* INFORMATION SHOWN:
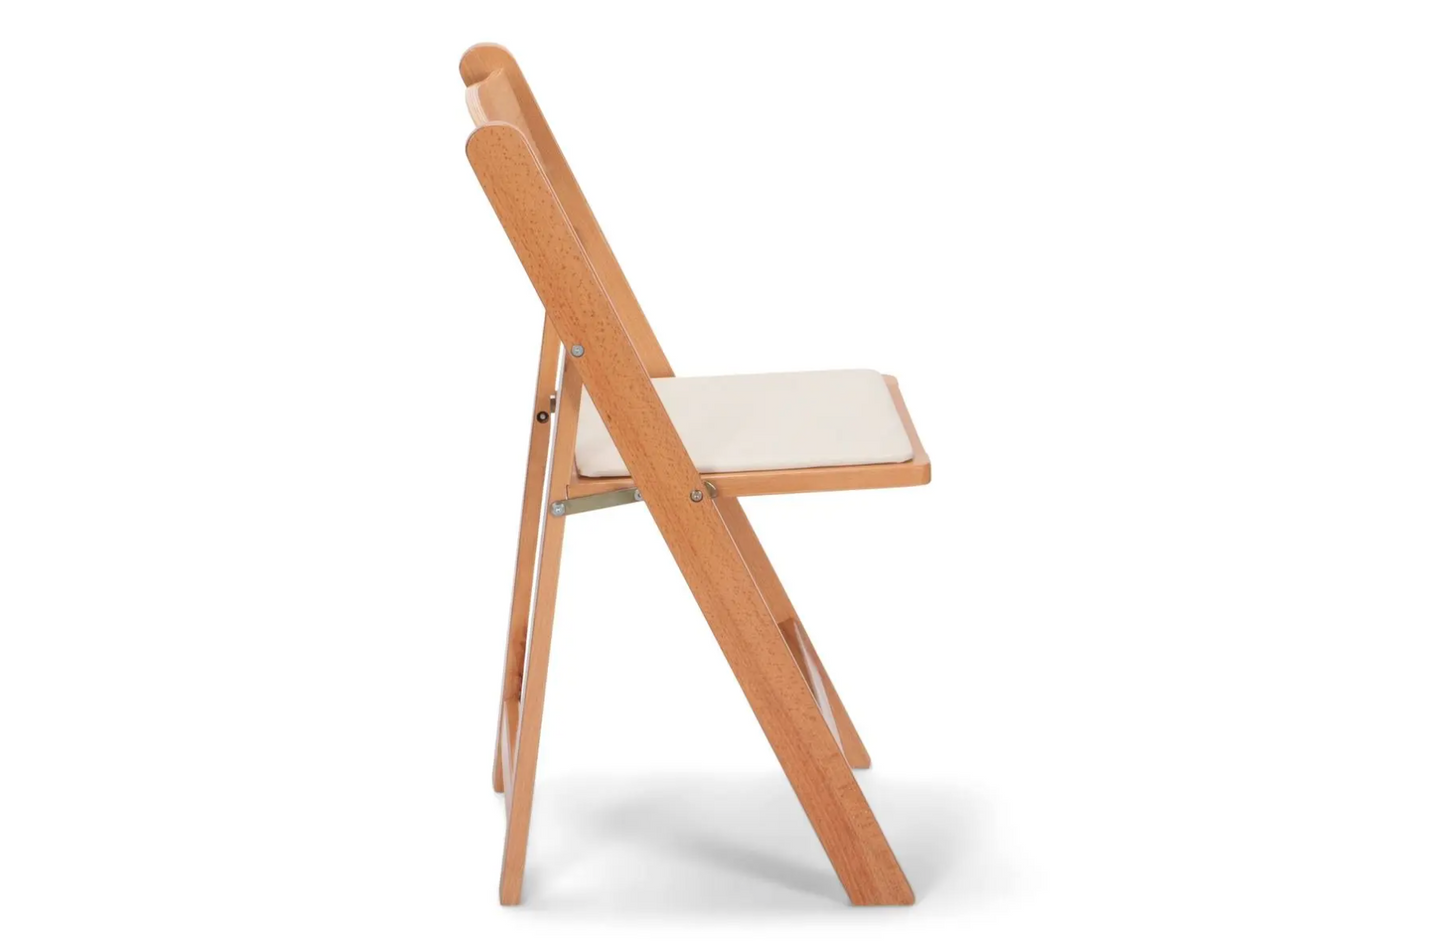 Natural Wood Folding Chair Rental - Orange County - Newport Beach
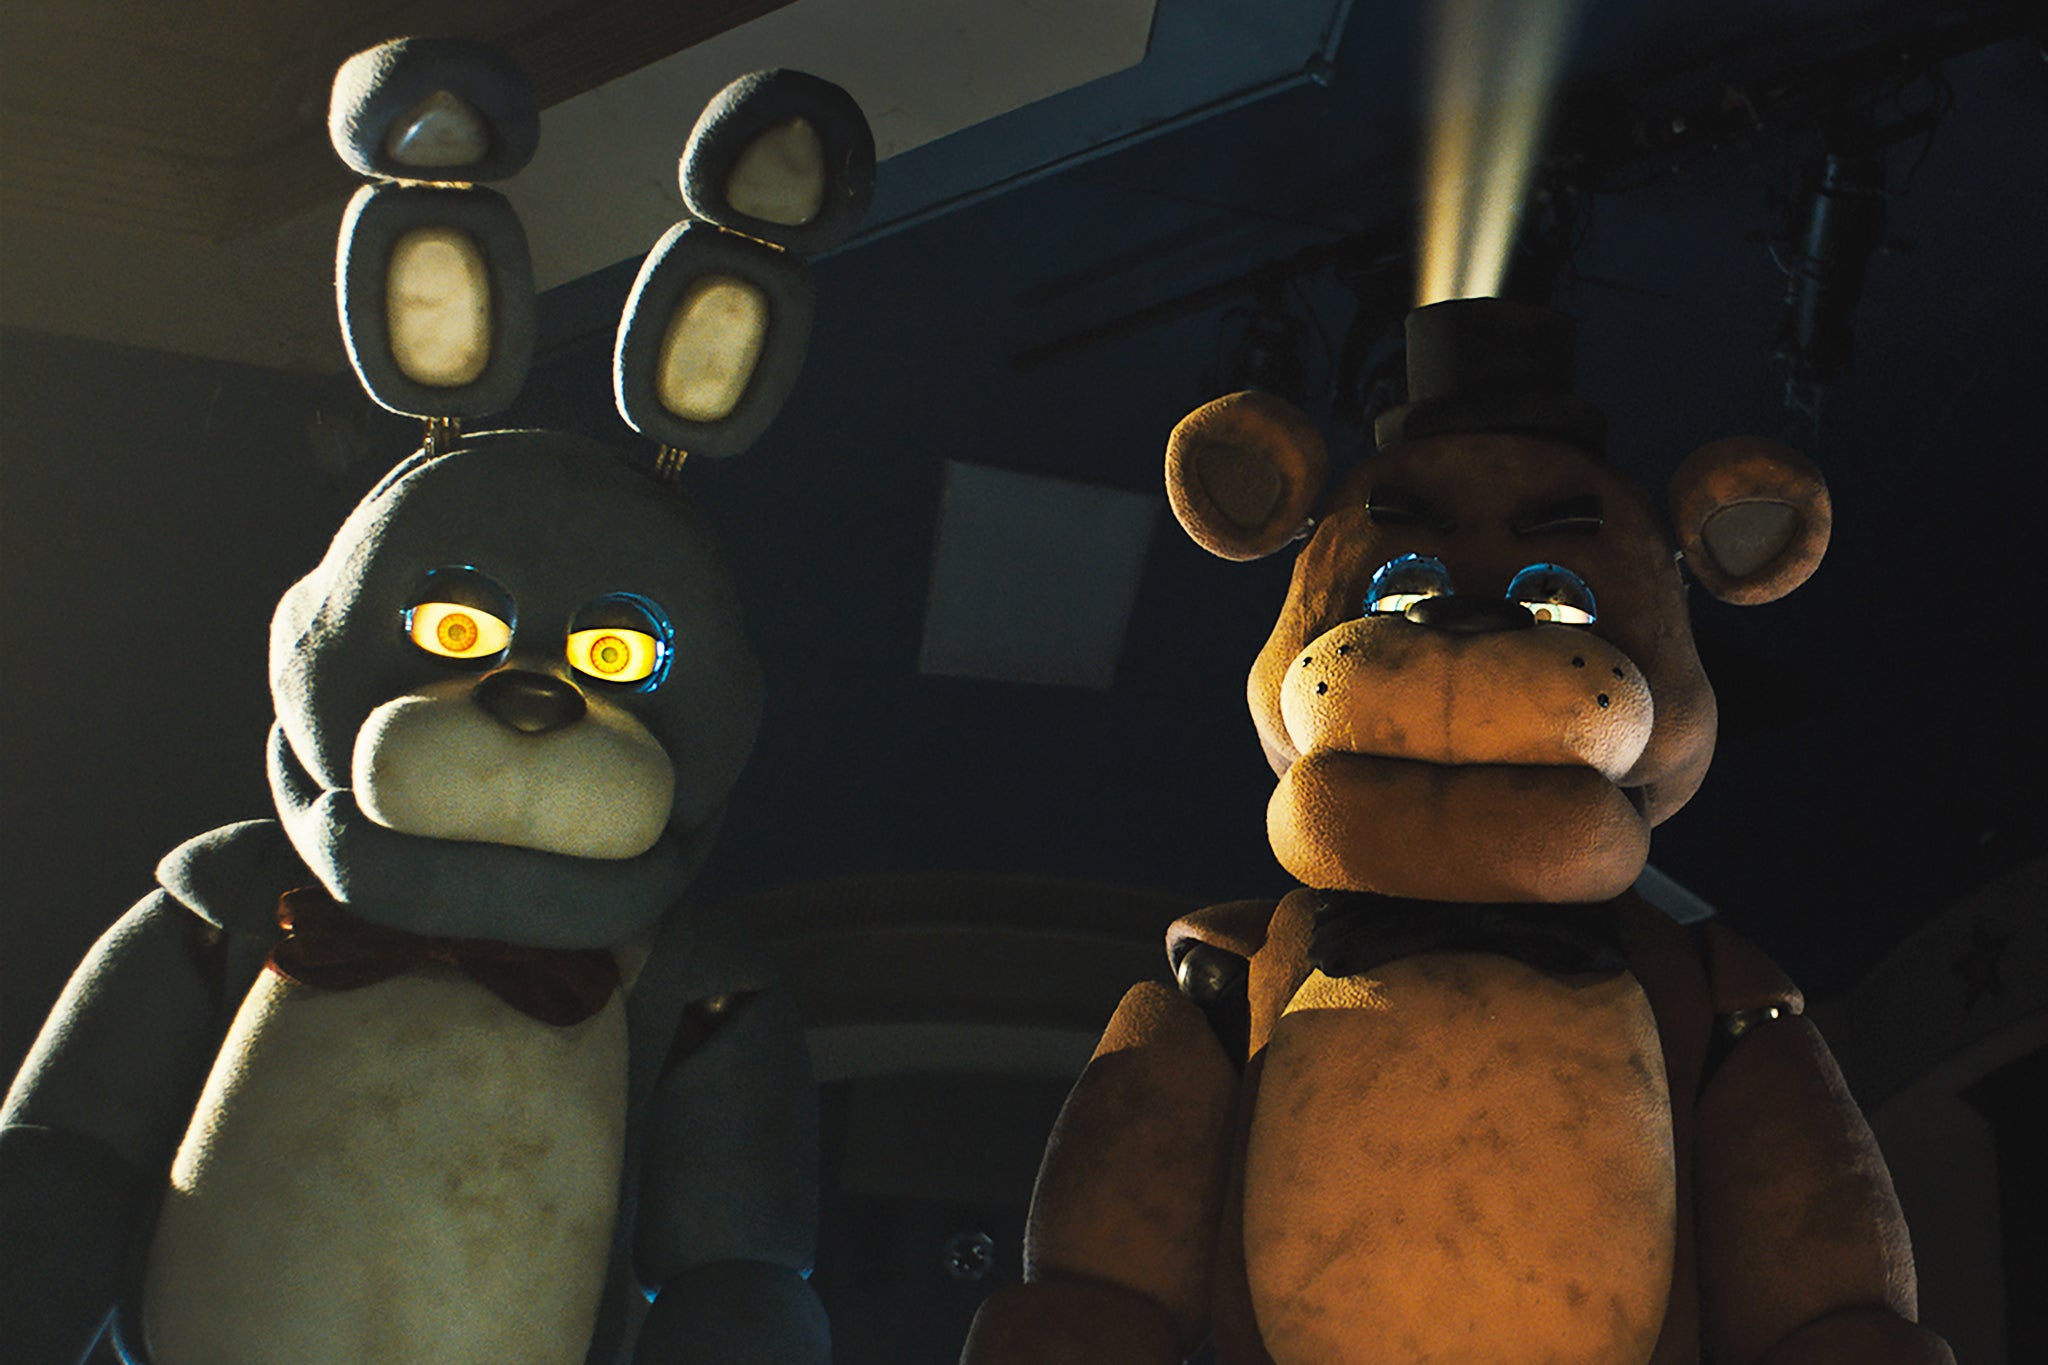 Five Nights At Freddy's' Trailer: The Horror Game Phenomenon
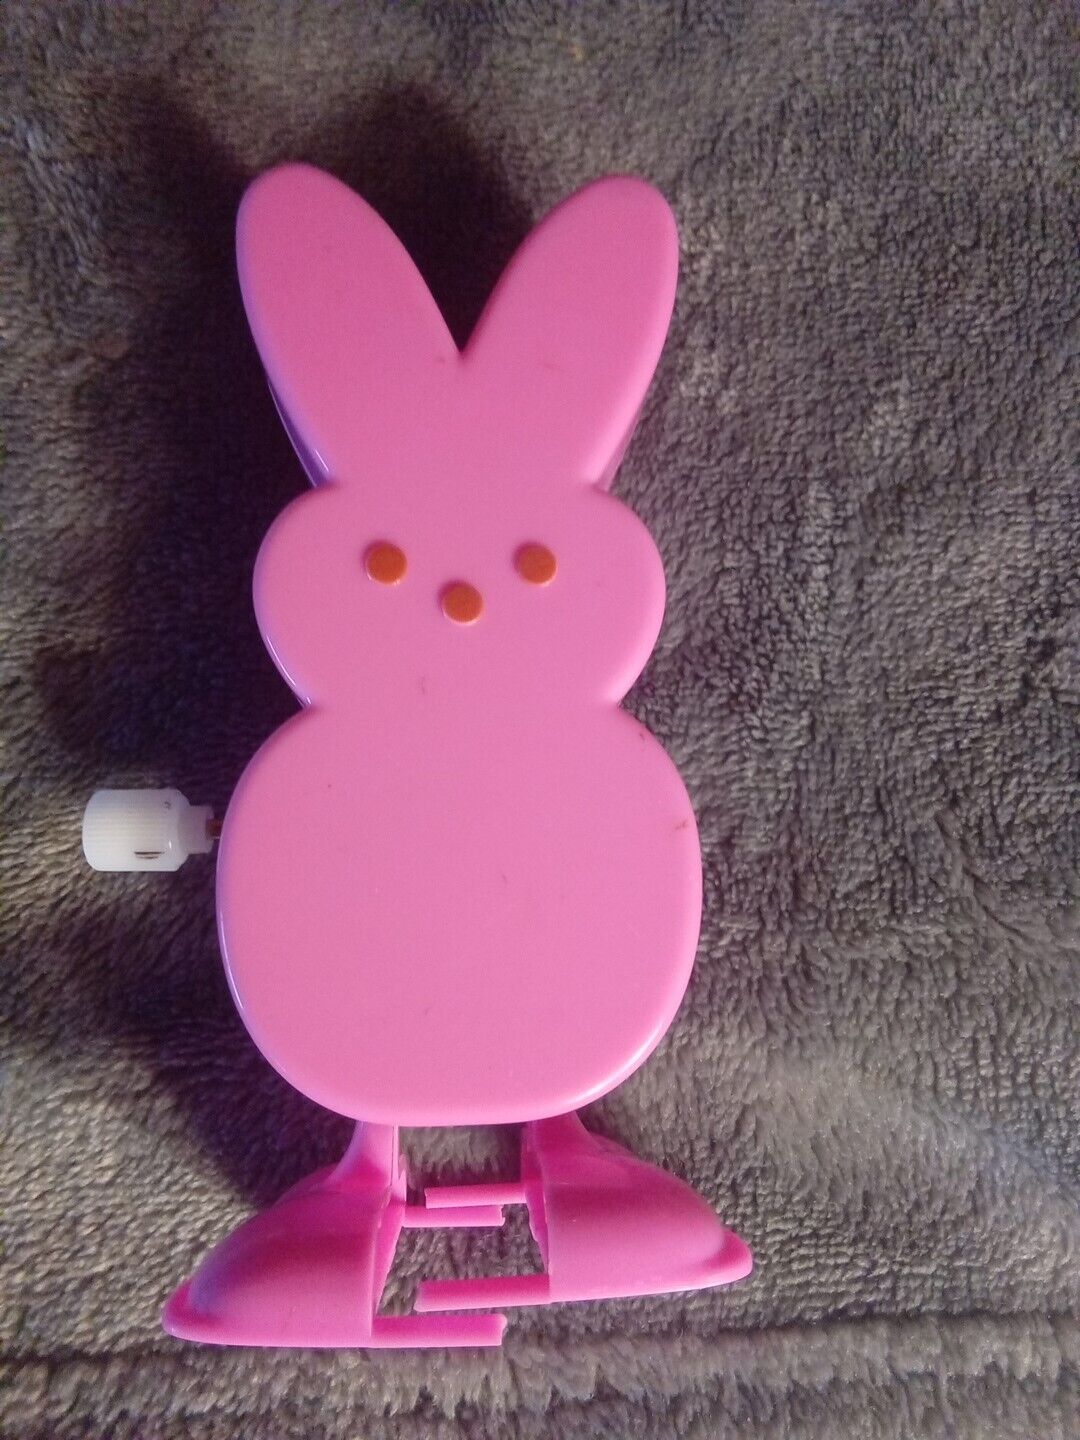 Peeps Pink Bunny Rabbit 4” Wind-Ups Walking Toy Easter Holiday Little Kids 2018
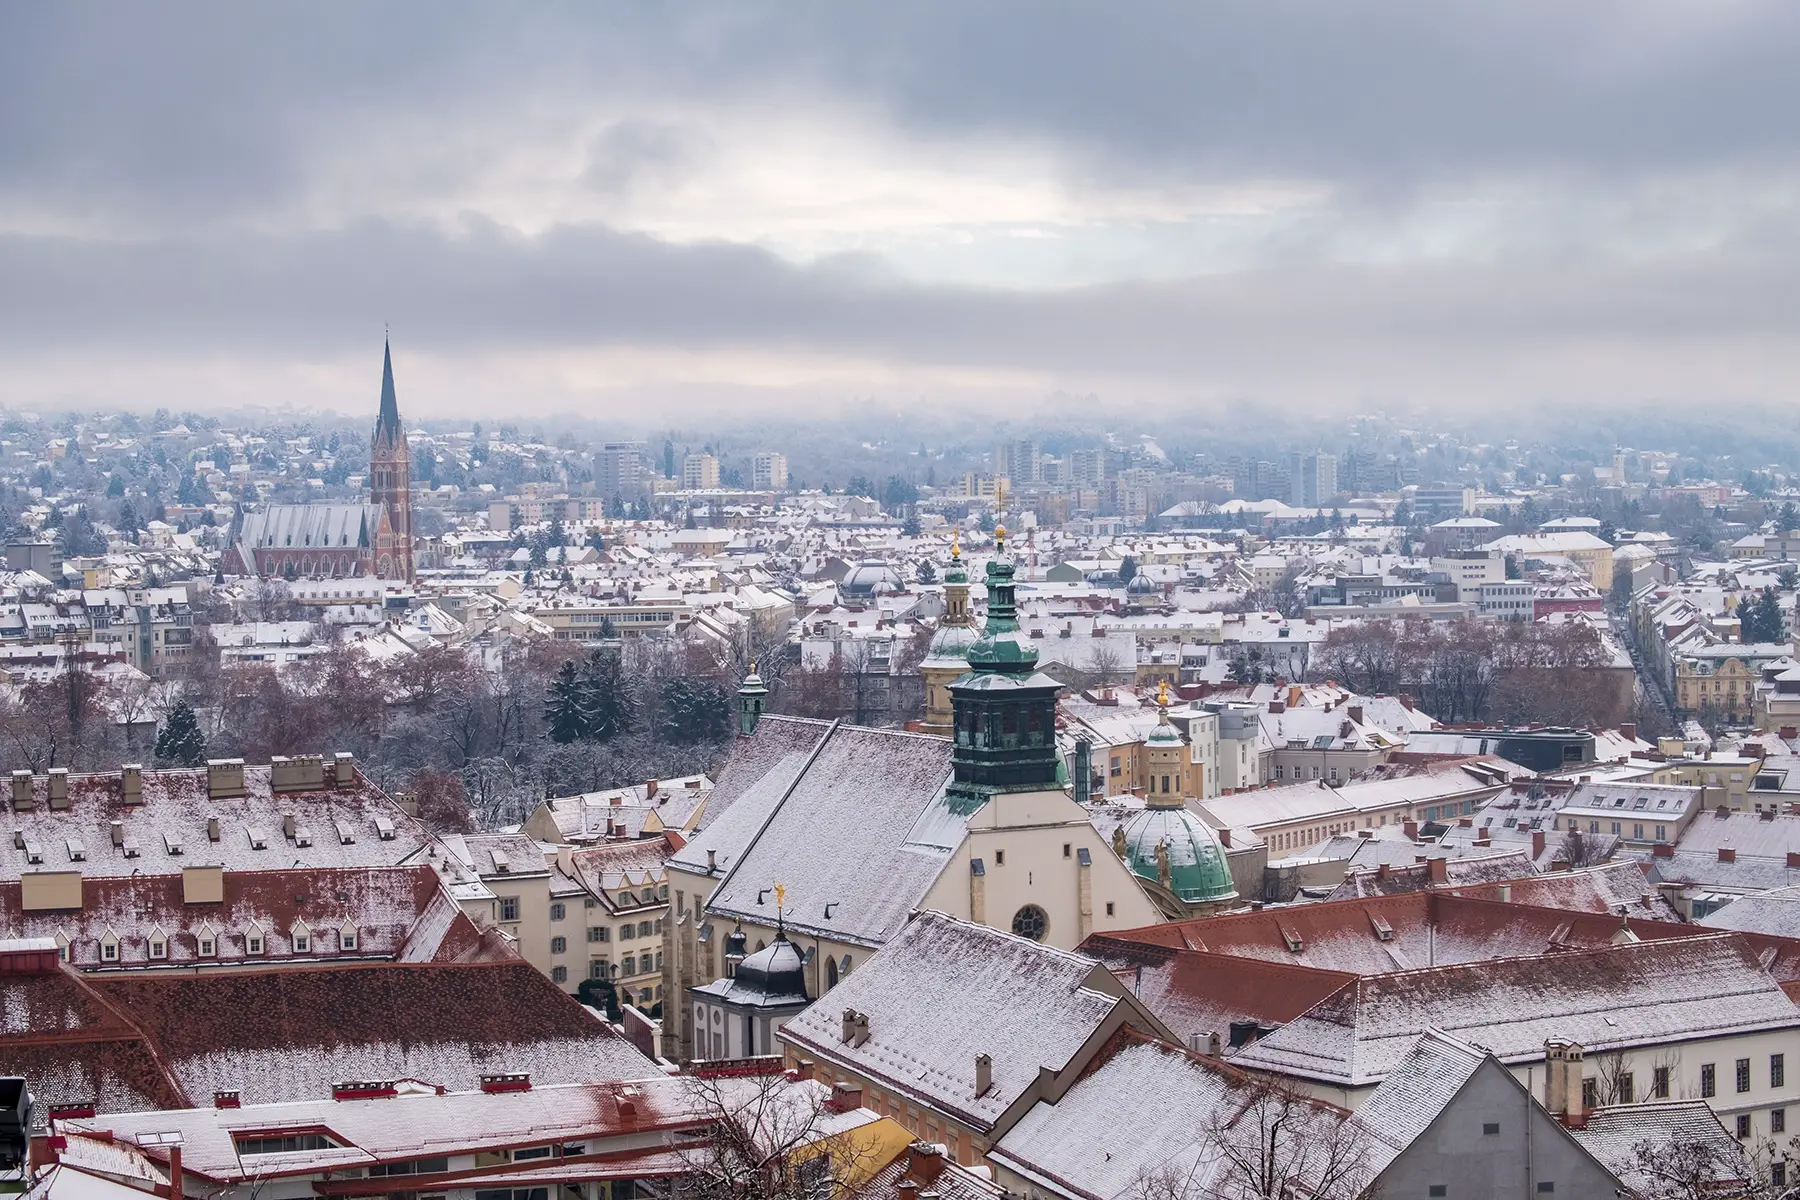 Graz on a snowy day

* WHAT IS BEING ASKED:
Only the lines from the one with "Five Nights At" to the last line of the listing, inclusive, are to be set down, exactly as they stand and without pictures.

* WORKED SOLUTION:
 Five Nights At Freddy's' Trailer: The Horror Game Phenomenon
 Peeps Pink Bunny Rabbit 4” Wind-Ups Walking Toy Easter Holiday Little Kids 2018
 Graz on a snowy day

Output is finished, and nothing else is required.